◆ Records provided ◆
● ● ● ● ● ● ●

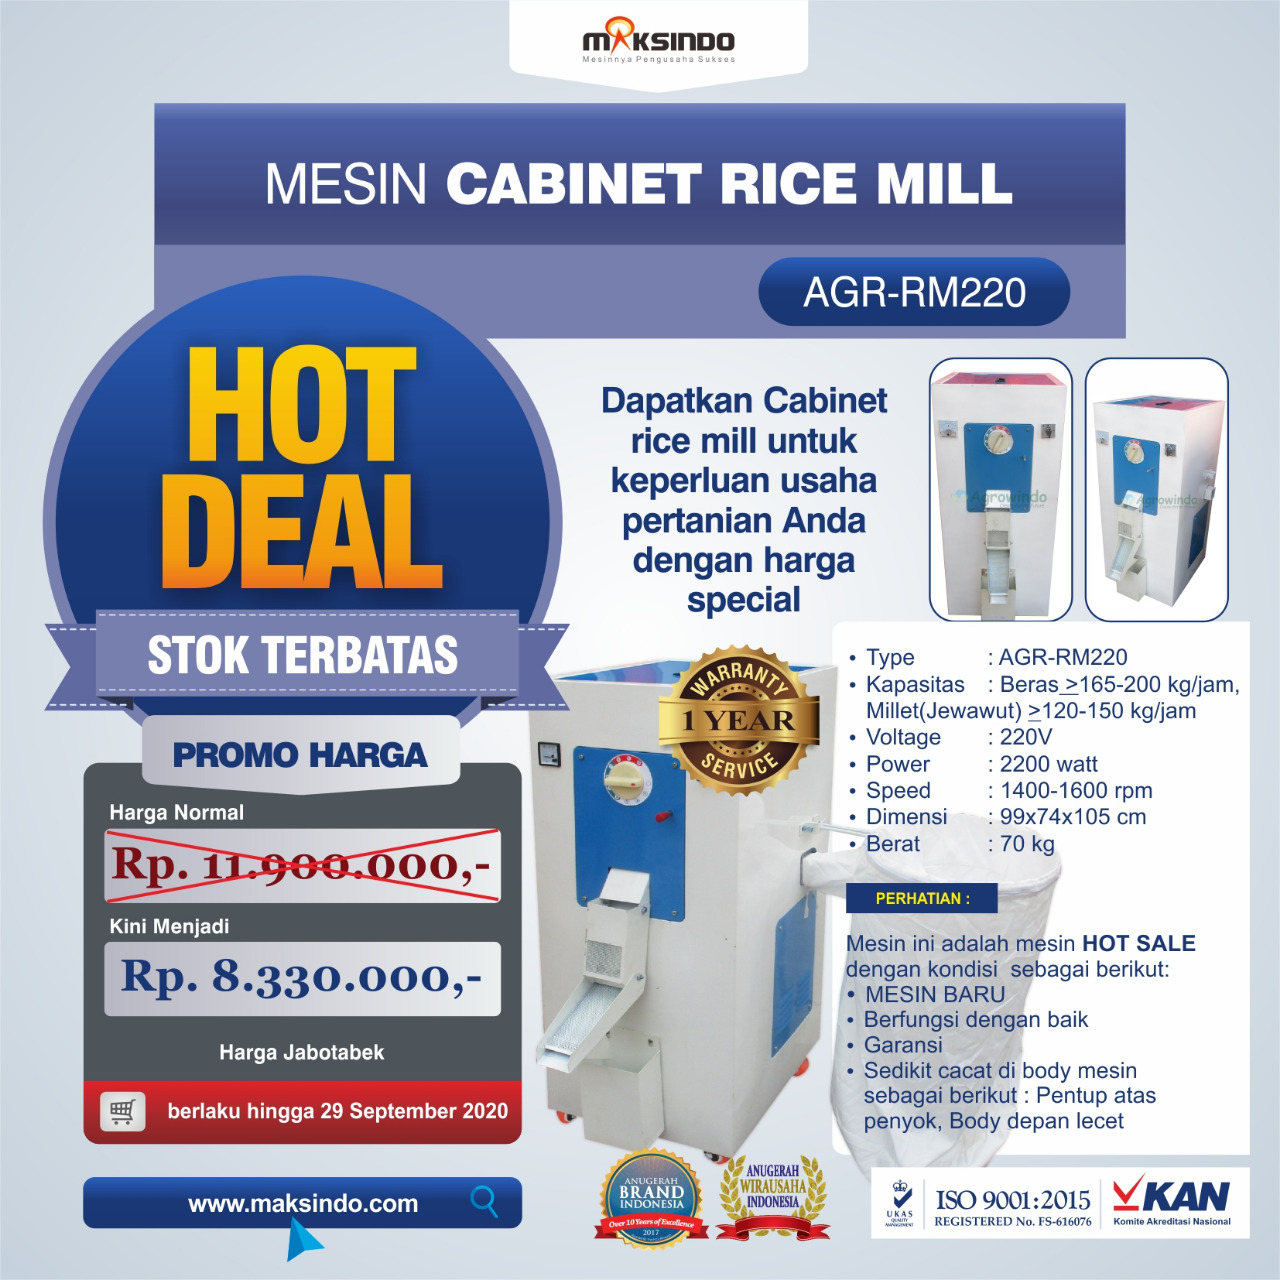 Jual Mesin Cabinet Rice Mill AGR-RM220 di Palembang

● ● ● ● ● ● ●

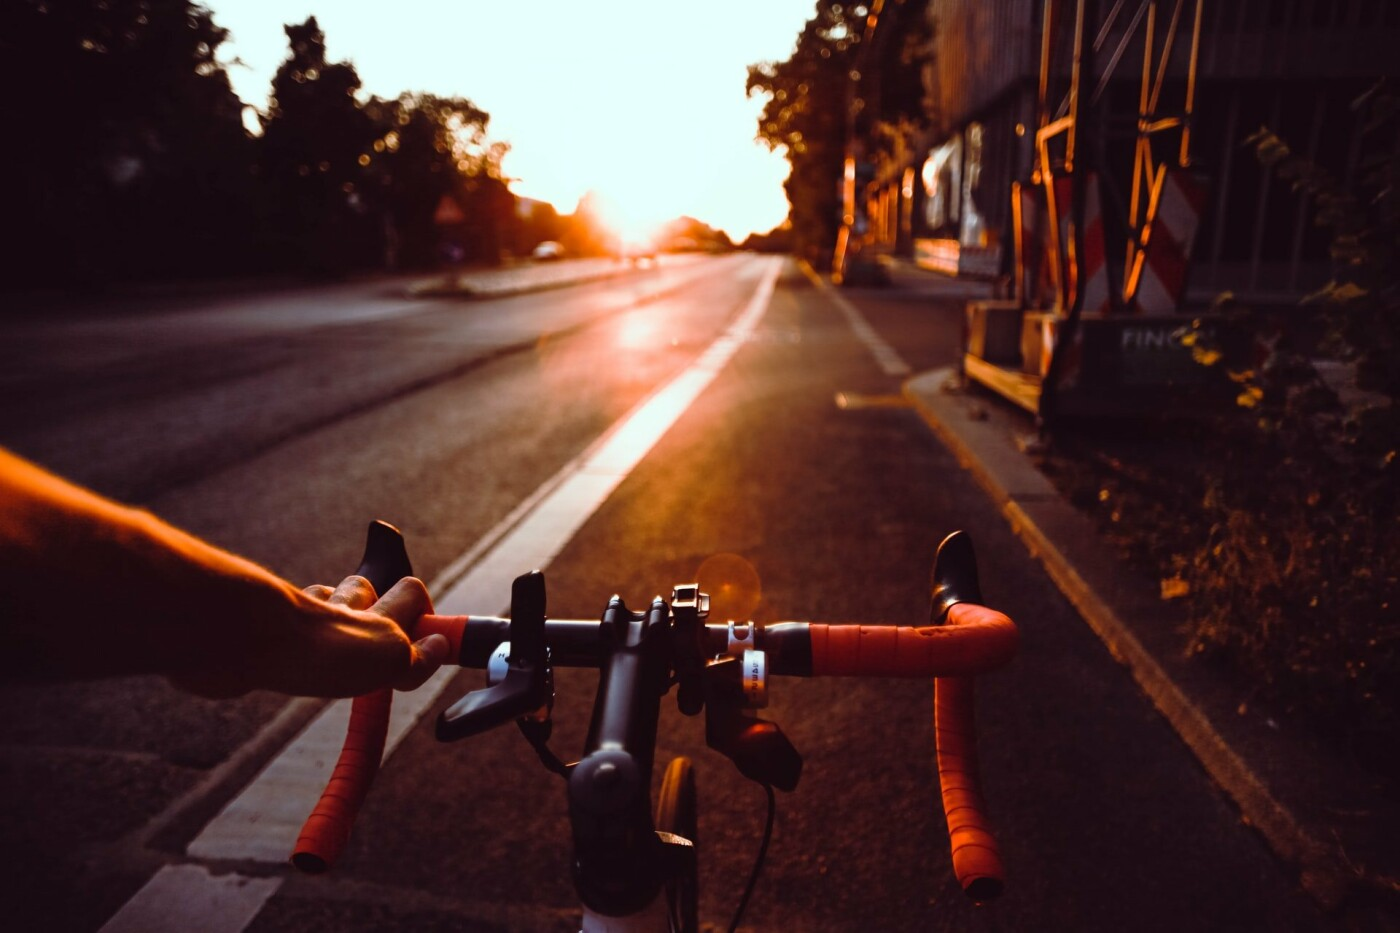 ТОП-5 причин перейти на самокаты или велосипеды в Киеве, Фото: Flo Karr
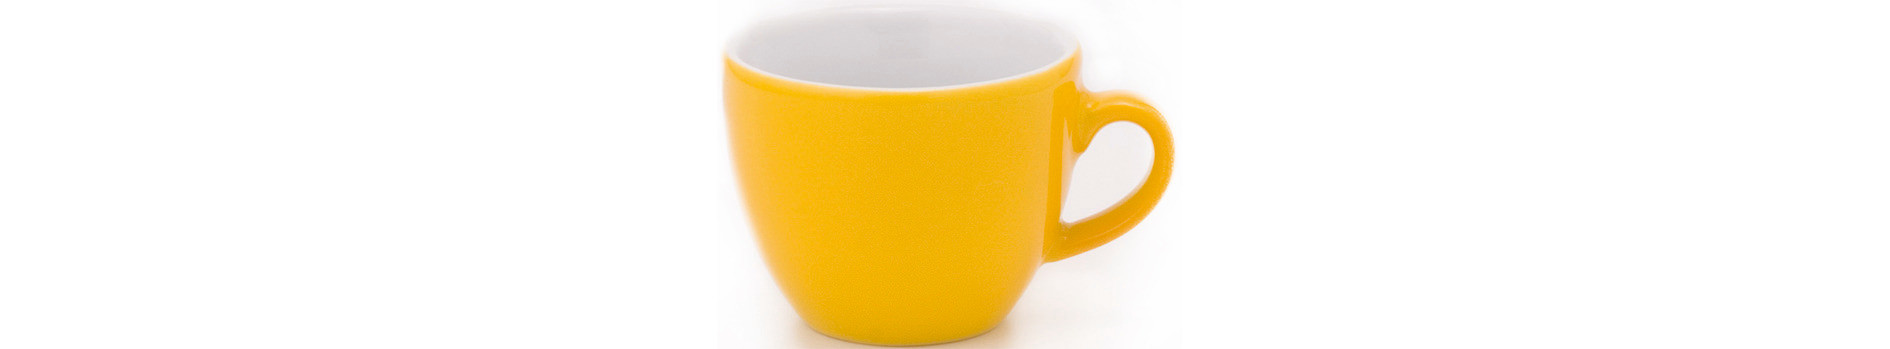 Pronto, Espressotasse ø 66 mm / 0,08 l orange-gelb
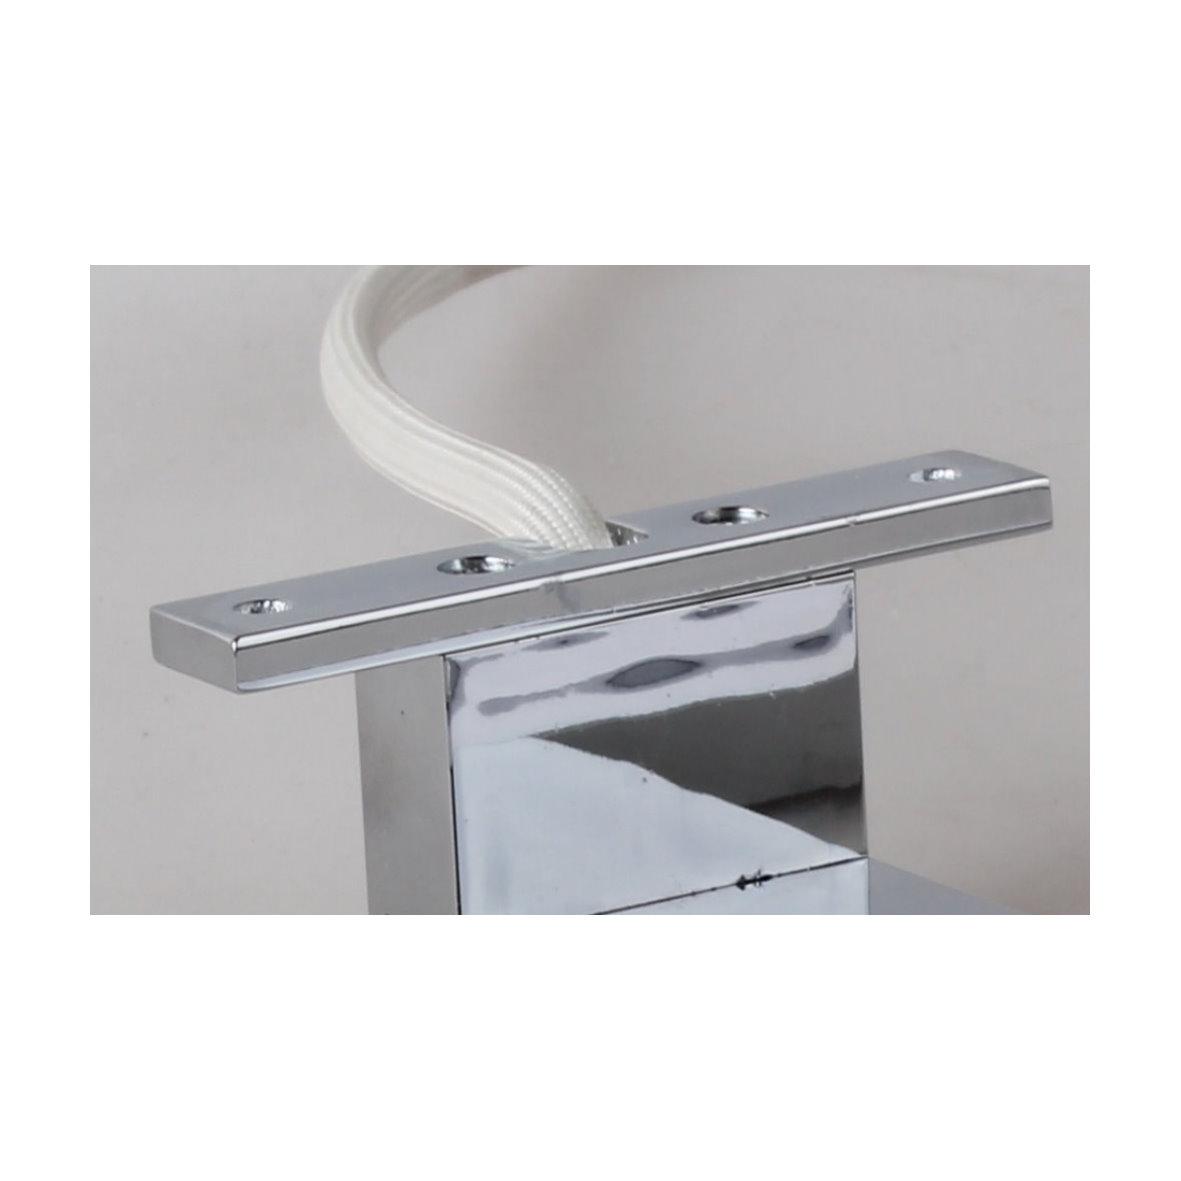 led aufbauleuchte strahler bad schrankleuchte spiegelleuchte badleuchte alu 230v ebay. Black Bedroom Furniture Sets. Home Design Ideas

● ● ● ● ● ● ●

◆ Your assignment ◆
Among the entries above, take the line with "Pronto, Espressotasse ø", the line with "led aufbauleuchte strahler", and all the lines between them, and restate them word for word without pictures.

◆ Result below ◆
 Pronto, Espressotasse ø 66 mm / 0,08 l orange-gelb
 led aufbauleuchte strahler bad schrankleuchte spiegelleuchte badleuchte alu 230v ebay. Black Bedroom Furniture Sets. Home Design Ideas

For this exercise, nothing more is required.